## DATA SECTION
BEGIN

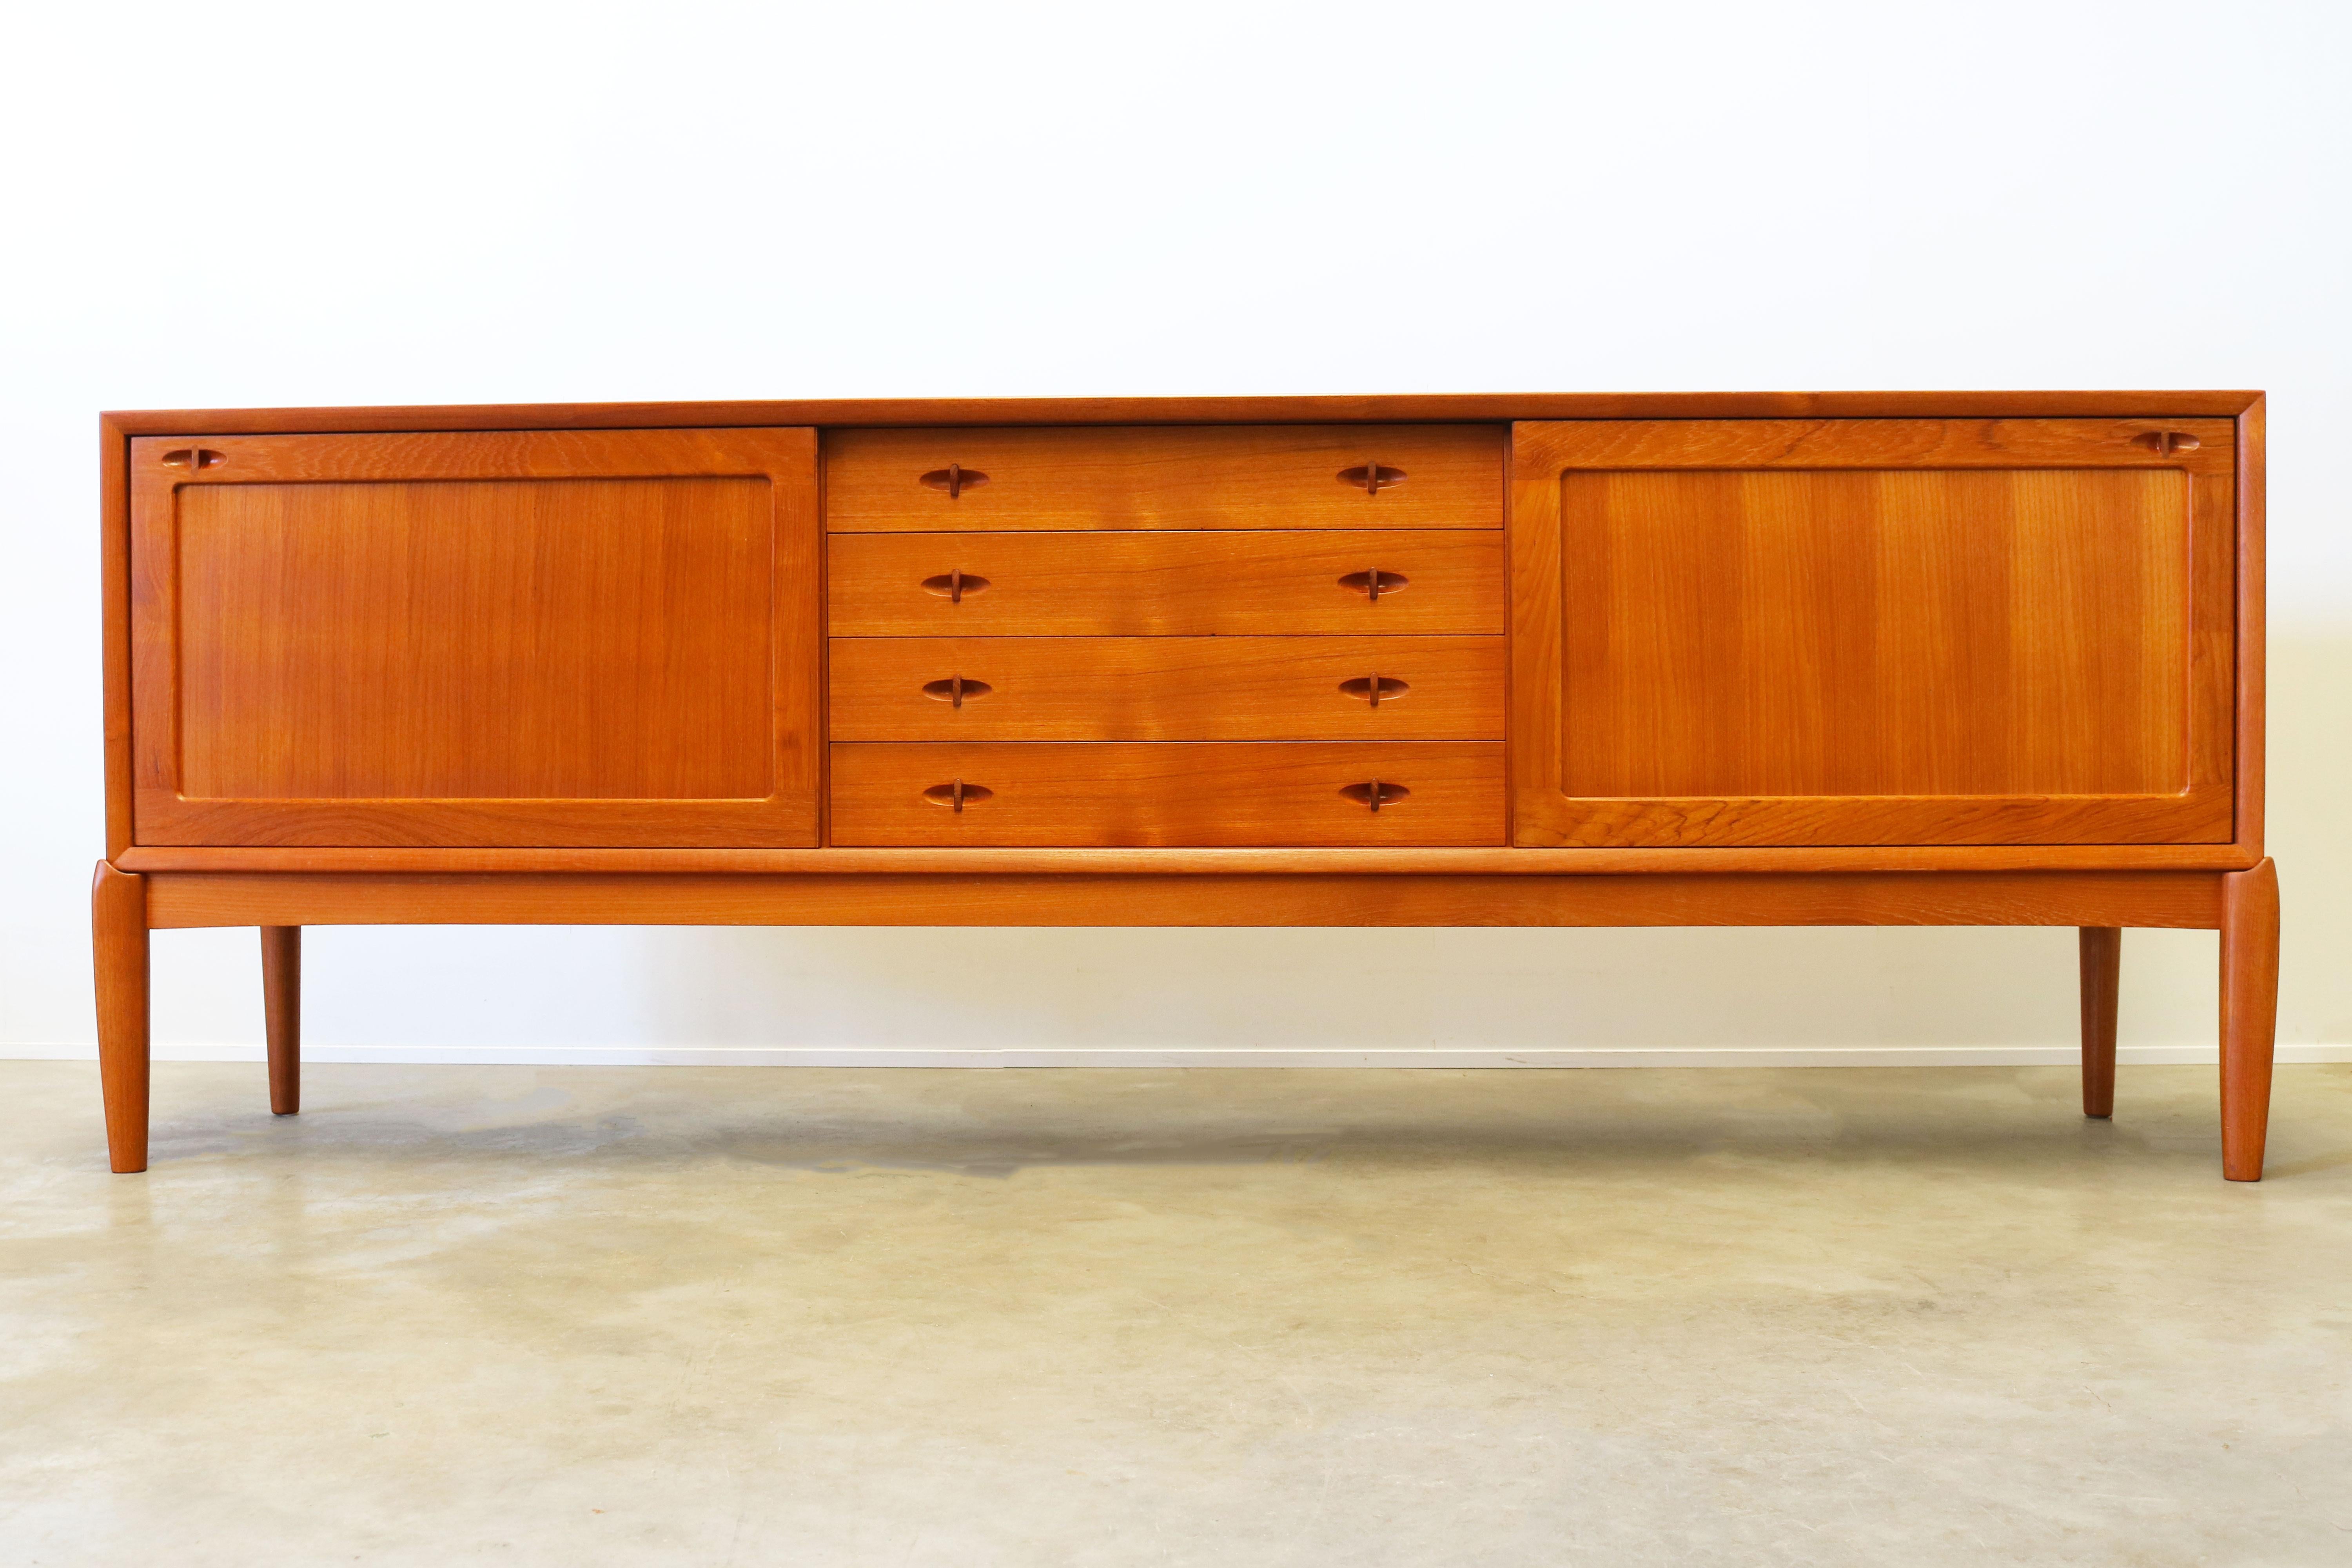 Magnificent Danish design sideboard designed by H.W. Klein for Bramin in the 1950s. The sideboard is made from solid teak wood and is famous for its combination between straight and organic lines with in particular the organic (solid wood) sculpted
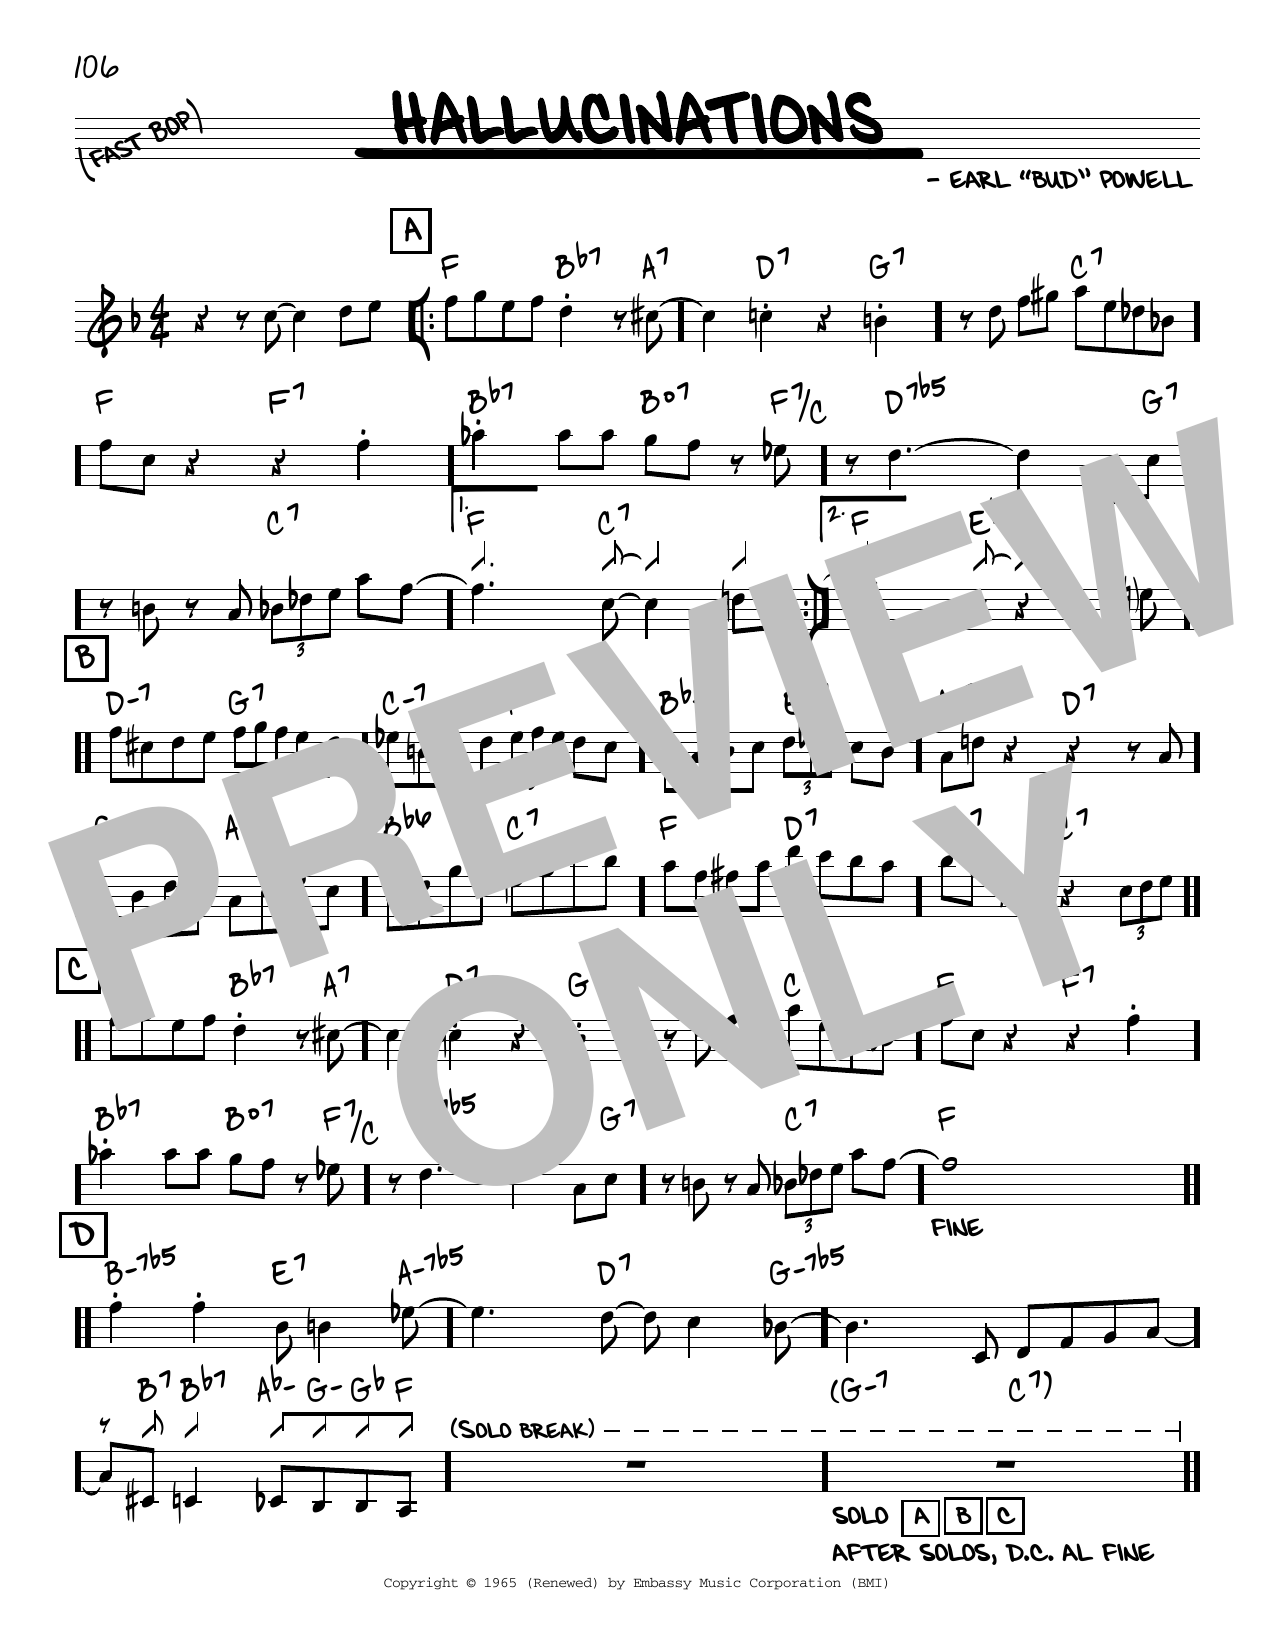 Download Bud Powell Hallucinations Sheet Music
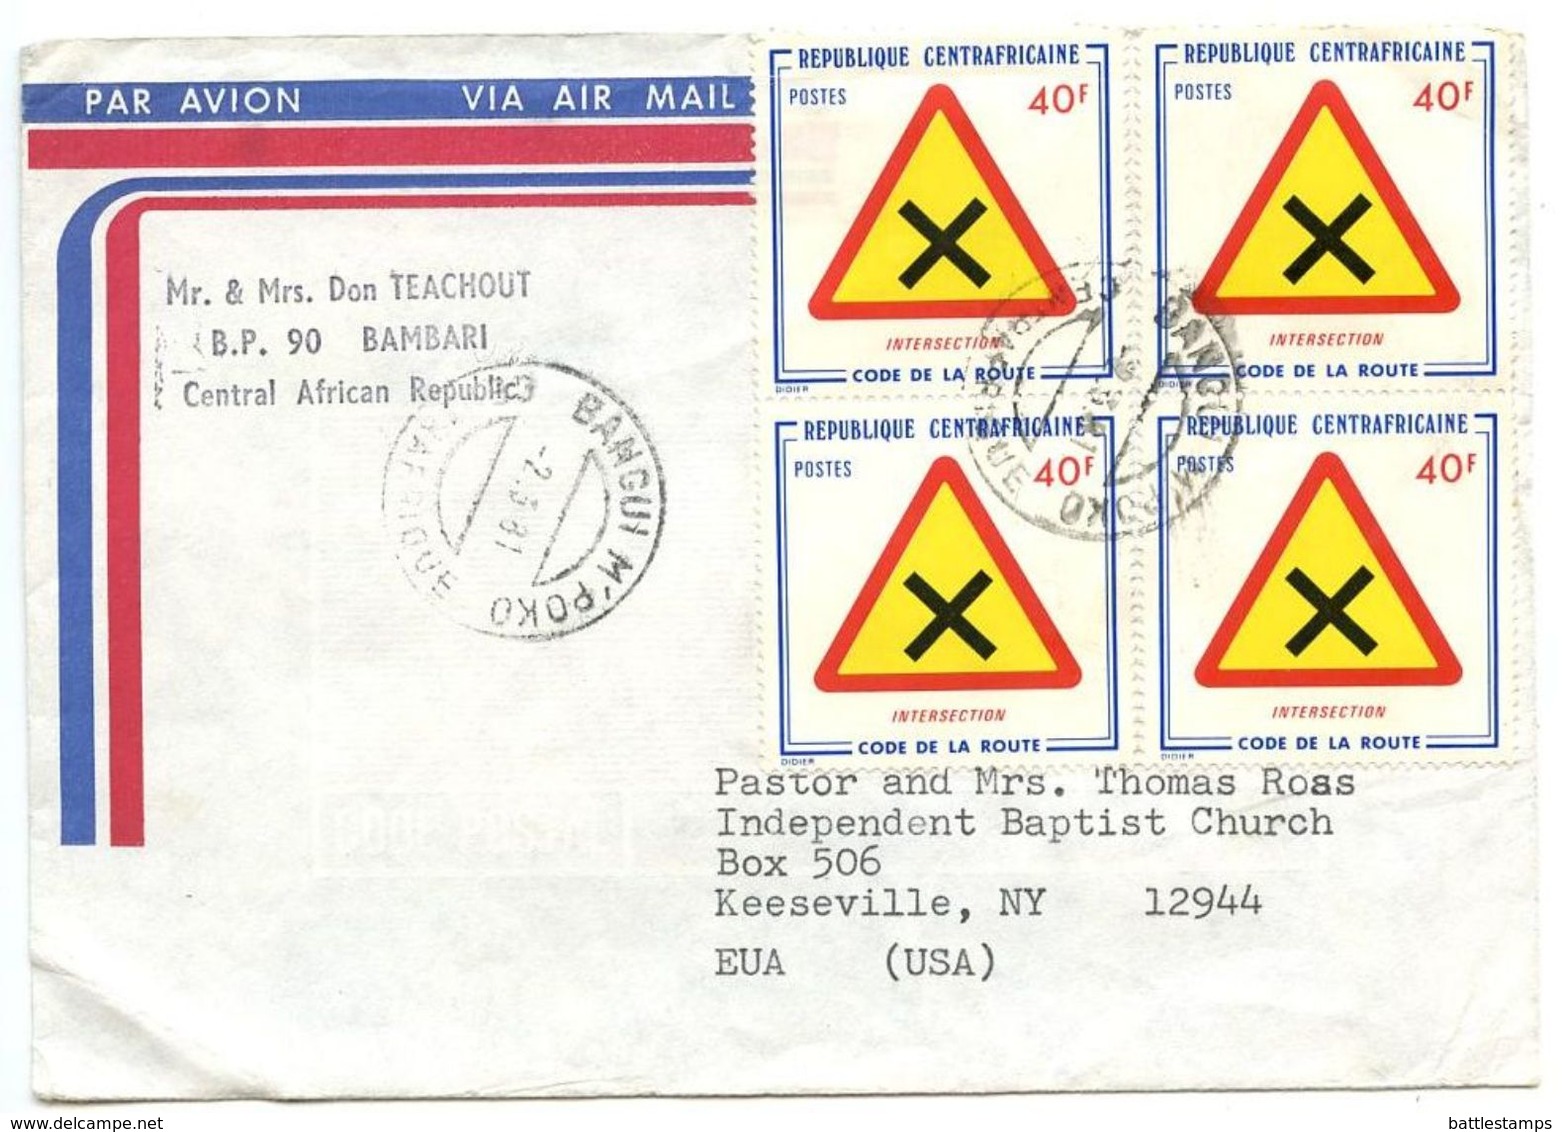 Central Africa 1981 Airmail Cover Bangui M’Poko To Keeeville NY, Scott 233 Traffic Signs - Central African Republic

END

## ACTIVITY
The answer must be the whole listing, word for word, with no pictures in it. Please write it out.

## ANSWER TO THIS TASK
 Magnificent Danish design sideboard designed by H.W. Klein for Bramin in the 1950s. The sideboard is made from solid teak wood and is famous for its combination between straight and organic lines with in particular the organic (solid wood) sculpted
 Download Bud Powell Hallucinations Sheet Music
 Central Africa 1981 Airmail Cover Bangui M’Poko To Keeeville NY, Scott 233 Traffic Signs - Central African Republic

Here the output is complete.